Aversives

Nov 15, 2013 15:26

Support for aversives as "treatment" for autism seems to be driven very much by reasoning along the lines of, "If it's risky, painful, or expensive, it must work better." Certainly we're willing to accept more drawbacks the worse the problem is, but that only makes sense if the solution with more drawbacks is also more effective. In the case of aversives, it is not. It is less effective than other therapies, causes more damage, and creates new problems that weren't there before. Communication- and interaction-based occupational and speech therapy work much better. If you have to stop a person from doing something dangerous, you don't have to hurt them to do it. Distraction works better. The best approach is to find out why, and give them another, less dangerous way to fill that need.

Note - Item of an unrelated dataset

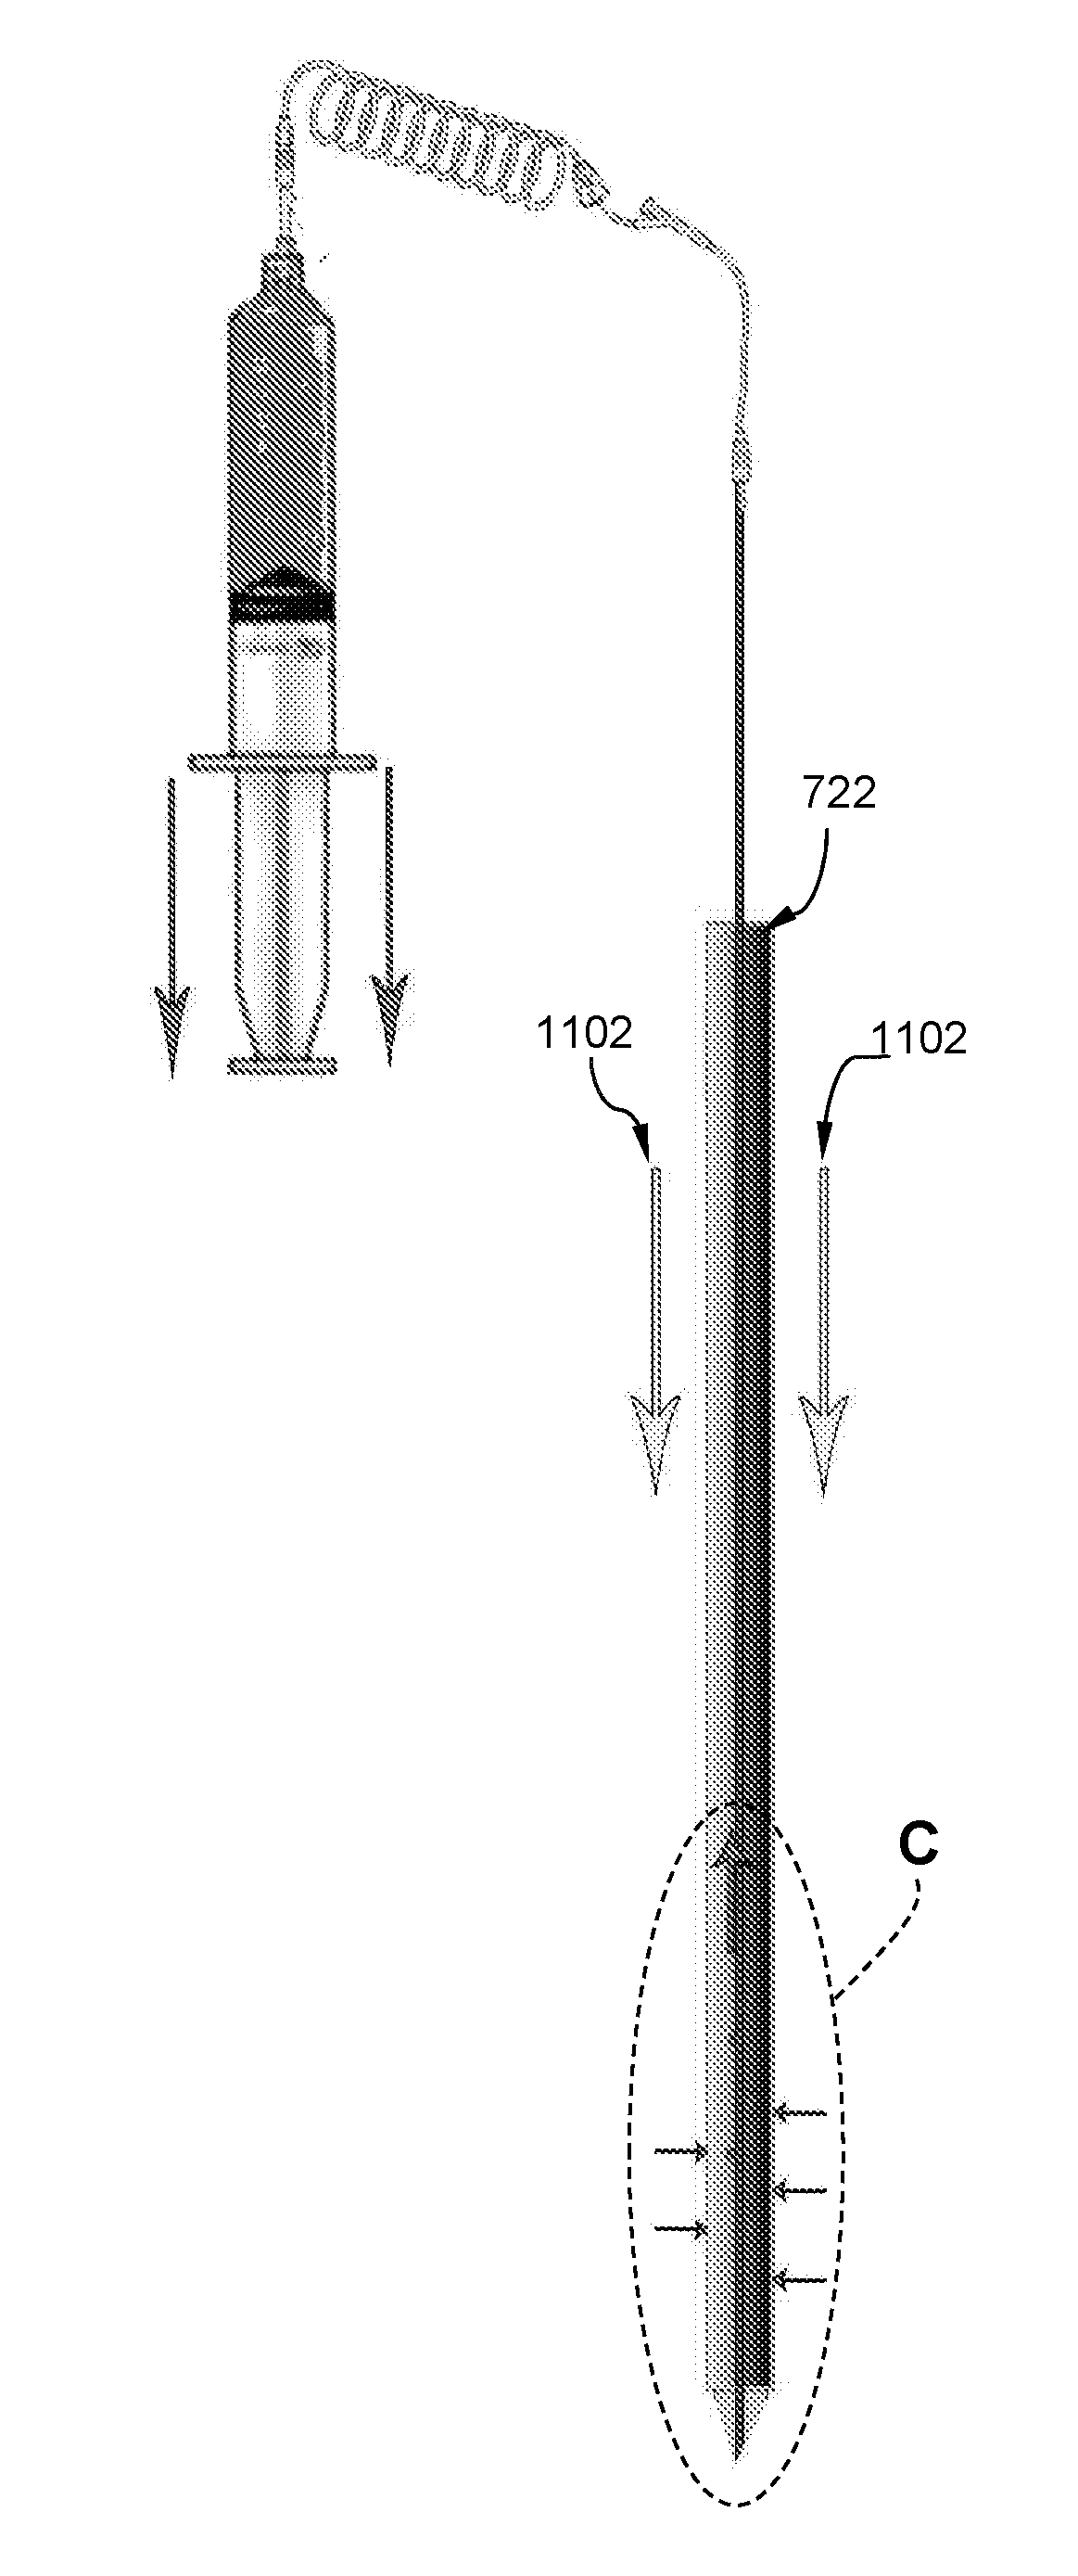 Integrated painless bone marrow biopsy device

But people still use aversives--along with other dangerous and unnecessary treatments--because they seem to think that if you're desperate enough to hurt your child, then that means the therapy has got to be effective. Well, it isn't. All it does, is create anxious, robotically obedient people with broken wills and broken hearts.

Even worse: The more a desperate parent buys into a dangerous or painful treatment, the harder it is to realize what they're doing and stop. People don't like to realize that they're holding on to contradictory beliefs, and they try to find a way to reconcile them. So, rather than face up to the fact that a painful or useless therapy is hurting their child, people may conclude that the pain is worth it--"no pain, no gain"--and that their child is actually doing better thanks to the therapy. In order to stop a painful therapy, parents would have to conclude that the thing that has been hurting their child is not useful after all--they would have to face up to the fact that they have been hurting their child for no good reason. That is a highly unpleasant conclusion to draw, and many parents prefer to conclude that because they love their child, if they are exposing their child to distress, then there must be a reason that makes the distress worth it. They throw good money after bad and waste time that their child could have had.

So the parents are trapped by their own minds; the child is trapped by their parents; and everyone is hurt. I don't think they're even aware of what they're doing.